Dios de todos y de todo
El creyente bien orientado cree en un Dios que debe serlo, al mismo tiempo, no solo de todos los seres humanos habidos y por haber, sino también de todas las cosas y de todos los mundos posibles. Sustraer una parte de lo existente, sea hombre, animal o cosa, a su acción creadora y salvadora, por mínima que sea, convierte la fe automáticamente en recinto de intereses parciales mezquinos. Al hacerlo, uno se coloca fuera del hermoso tablero de ajedrez que es la vida para convertirse en pasivo espectador del entretenido y fructífero juego de tú a tú entre el Dios verdadero y su criatura. De ahí que cuanto es el mundo y cuanto es el hombre deba encontrar acomodo en la fe cristiana.

Los seres humanos somos muy diferentes, como también lo son nuestros pensamientos, gustos, costumbres y enfoques de la vida. Nuestras diferencias, lejos de conducirnos al caos, son prueba fehaciente de la enorme envergadura que nos otorga nuestra condición humana. El desarrollo de todas las potencialidades del ser humano es una tarea común de la que nos beneficiamos todos. Nadie puede ser al mismo tiempo un elocuente predicador, un exquisito cocinero, un meticuloso pastelero, un imaginativo ingeniero, un sólido albañil o un eficiente agricultor. Los millones de valores que anidan en todas las vertientes de nuestra vida nos ayudan a crecer y nos ennoblecen, mientras que sus correspondientes contravalores pueden achicarnos y envilecernos.

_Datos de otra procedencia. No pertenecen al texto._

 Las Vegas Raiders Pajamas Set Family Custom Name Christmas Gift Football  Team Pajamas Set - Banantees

La vida humana es una pugna incesante que se desencadena en el meollo de los comportamientos humanos, con valores a conseguir a base de esfuerzos sostenidos y contravalores que nos tientan con oropeles. Mal que bien, perdiendo incluso batallas, los seres humanos vamos ganando poco a poco la guerra de la mejora de nuestra vida tras afrontar, por un lado, los embates a que nos somete una naturaleza siempre en ebullición y contrarrestar, por otro, las barbaridades que nosotros mismos, seducidos por lo fácil y placentero, cometemos a lo largo de nuestro peregrinaje.

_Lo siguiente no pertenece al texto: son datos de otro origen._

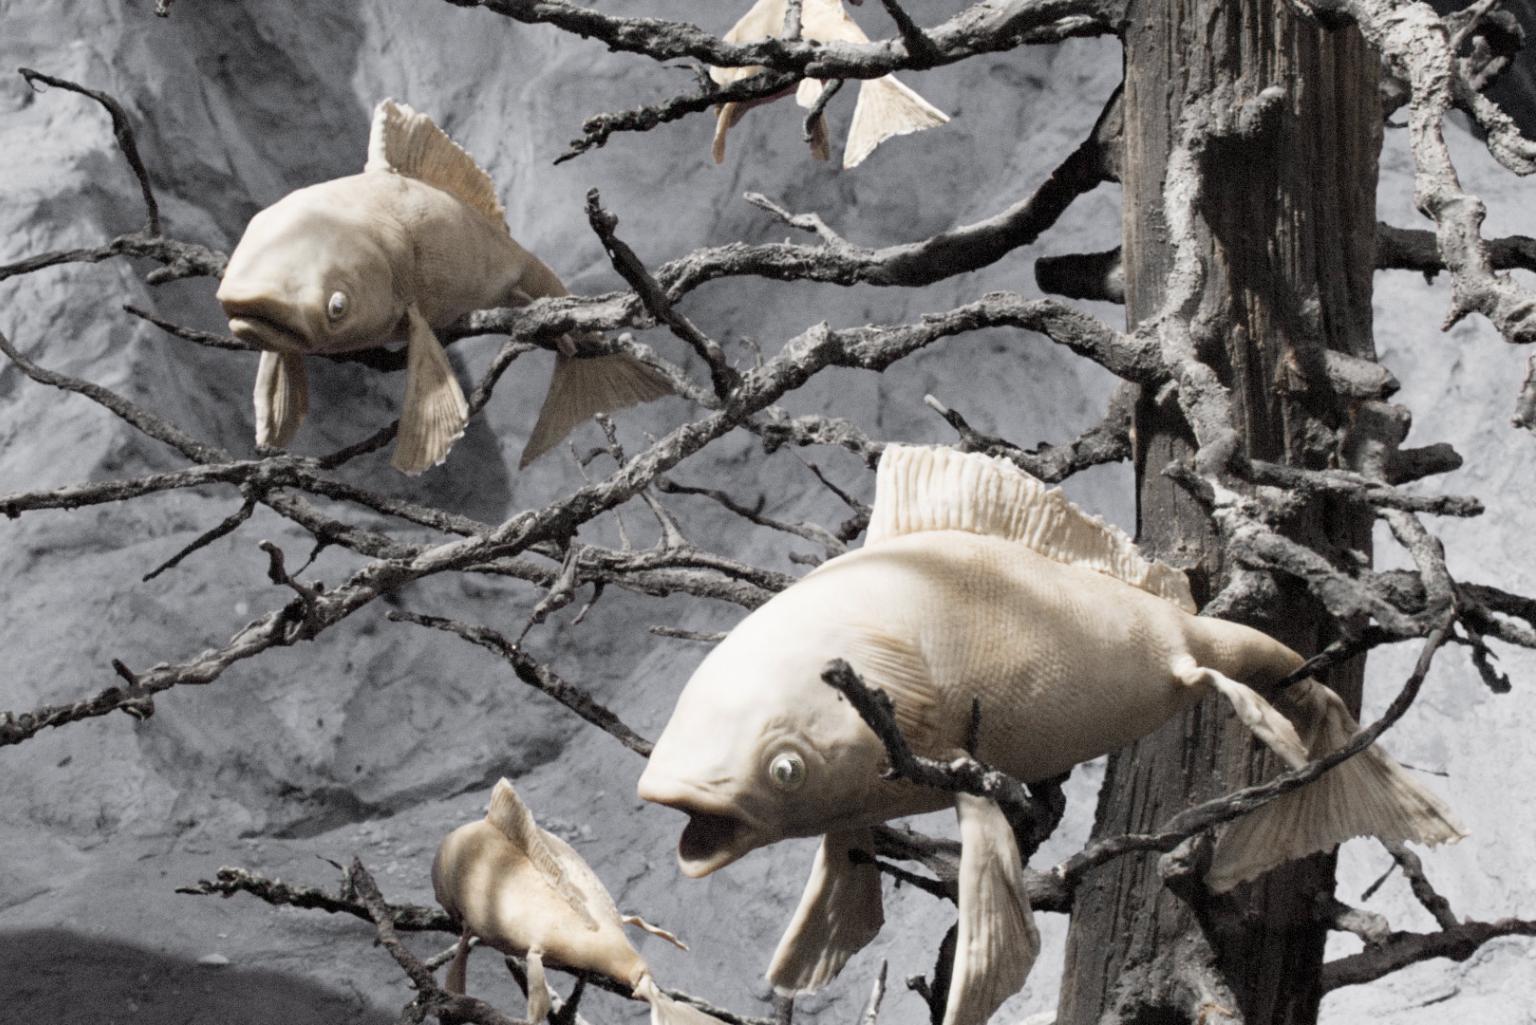 Ein Bild von weißlichen Fischen mit offenen Mäulern, die in den Ästen eines verdorrten Baumes hängen, es wirkt sehr trostlos

La fraternidad que predica el cristianismo es rigurosamente universal. Nadie puede quedar fuera de la cobertura del amor de un Dios que se desborda en la creación. La salvación que nos ofrece el Evangelio certifica la cercanía incondicional de un padre común que humaniza nuestros comportamientos. El cristianismo es eficaz únicamente cuando los cristianos, sea cual sea su condición física y social, se comportan humanamente, cuando su actividad tiende a enriquecer todas las vertientes vitales del hombre. La voluntad de Dios, nuestro padre, es que tengamos vida y la tengamos abundante. De no conducirnos a la plenitud de nuestro ser, aunque nunca la alcancemos del todo, el cristianismo se reduciría a un “ismo” de tantos, a un pesado entretenimiento especulativo, a un tedioso juego rutinario.
Quedémonos hoy con algo tan evidente como que las diferencias enriquecen nuestra condición y con que una religión que se precie debe adaptarse a ellas y asimilarlas. De hecho, el mensaje evangélico discurre no solo por cauces muy diferentes dentro del mismo cristianismo formal (catolicismo, ortodoxia, protestantismo y anglicanismo), sino también por los de quienes, sin considerarse formalmente cristianos, tratan de mejorar las condiciones de vida de los seres humanos,

El sello indeleble de pertenecer a la familia de Dios no nos lo imprime el ADN, ni las condiciones sociales en que nacemos, ni el tipo de sociedad en que crecemos y ni siquiera la adscripción bautismal a una determinada confesión religiosa, sino el hecho de ser criaturas que, afortunadamente, ni en esta vida ni en la que venga después, pueden evadirse de las manos de Dios.